Одна из самых суровых повседневных конфронтаций с распадающимся «я» происходит в моменты, когда сознание выскальзывает из своего дневного облачения и надевает ночное. Виттманн отмечает, что эти переживания показывают что-то за пределами стандартной модели памяти и повествования как строительных блоков самости — из этой бреши между сном и бодрствованием также возникает ощущение себя как «простого чувства бытия», независимого от автобиографической памяти. Он пишет:
«В момент пробуждения, поскольку повествовательное я не обновляется, сознание тем не менее на чем-то фокусируется: именно физическое я находится в центре восприятия и мышления, что позволяет проводить различие между собой и не-собой. При обычных обстоятельствах мы осознаем наш опыт, воспоминания и ожидания, объекты нашего сознания. Однако под поверхностью у нас также есть очень маленькое «я», эгоцентрический якорь всех переживаний, которые в вышеупомянутой ситуации беспамятного пробуждения внезапно ощущаются очень отчетливо, поскольку обычные объекты нашего сознания, восприятия и воспоминаний отсутствуют. Я отброшен обратно к себе».
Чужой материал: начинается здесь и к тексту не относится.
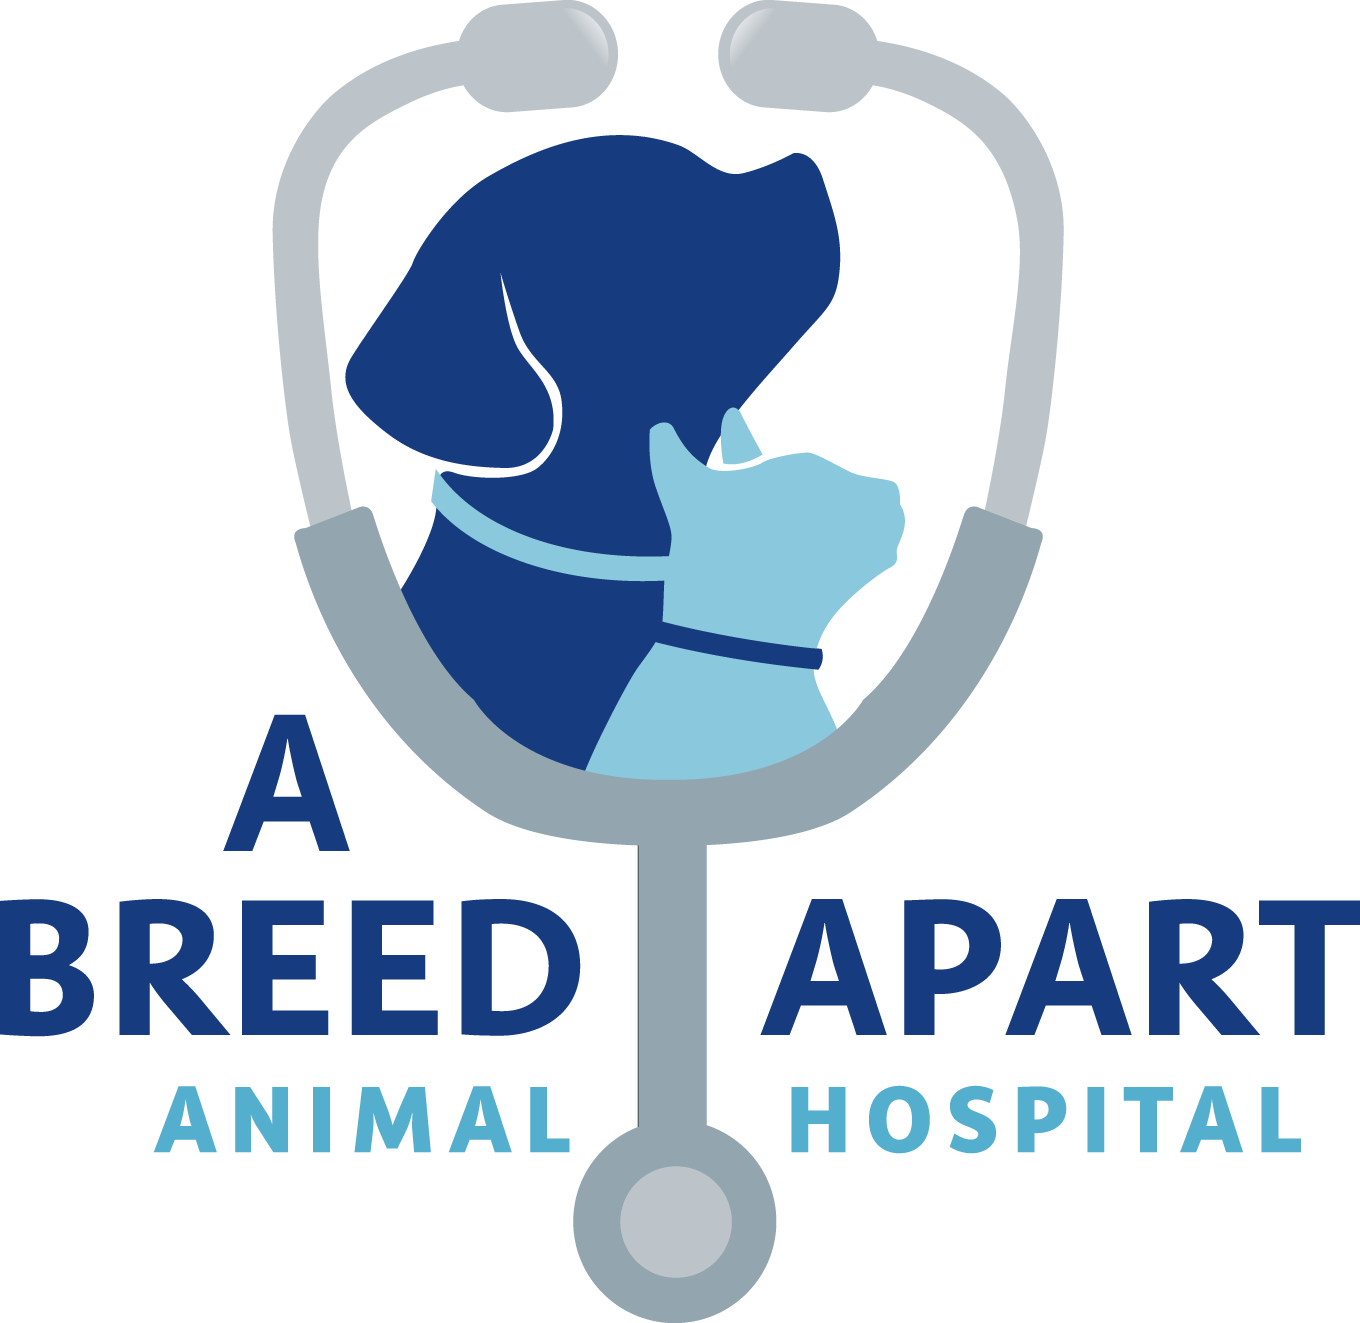 A Breed Apart Animal Hospital

В таком случае опыт личности может быть понят как «эго-полюс». Мой «эго-субъект» сосредоточен на «эго-объекте»: я воспринимаю себя. Однако здесь есть фундаментальная проблема, поскольку эго-объект категорически отличается от эго-субъекта. Если мы наблюдаем себя с референцией — то есть эго-субъект наблюдает себя — он всегда наблюдает себя как эго-объект.
При переходе от сна к бодрствованию мы испытываем границы нашего обычного состояния личности. Каждый раз, когда мы просыпаемся, мы заново начинаем осознавать себя, мы входим в состояние бодрствования. Но в отдельных случаях процесс осознания не проходит незаметно — эго не осознает себя. В такие моменты у нас есть возможность исследовать загадку сознания, показывая, как сознательное я зависит от составляющих самосознание факторов, которые еще предстоит определить.
Но нигде границы личности-во-времени, кажется, не растворяются так ощутимо, как во время психоделических переживаний. Виттман пишет:
«Научные исследования о воздействии ЛСД и псилоцибина ясно показали, что состояния сознания включают в себя поразительные изменения в восприятии, эмоциях и идеях, а также в способах их описания: время, пространство и опыт самости кардинально изменяются. Эти изменения сопоставимы только с другими крайними состояниями сознания, такими как сновидения, мистический и религиозный экстаз или острые психотические фазы на ранней стадии шизофрении. Измерения мистического опыта включают в себя единство личности со Вселенной, потерю чувства времени и пространства, самые сильные чувства счастья и уверенность в переживании священной истины, которую, однако, невозможно описать. Как будто вы заглянули за завесу реальности и увидели непреложную (то есть вне времени и пространства) истину мира во всей его полноте».
Исследование мистического опыта распада времени и личности под влиянием галлюциногенов — это путь к пониманию человеческого сознания.
В оставшейся части совершенно захватывающих «Измененных состояний сознания» Виттманн изучает, как такие переживания, как глубокая медитация и музыка, проливают свет на природу сознания через призму времени и личности.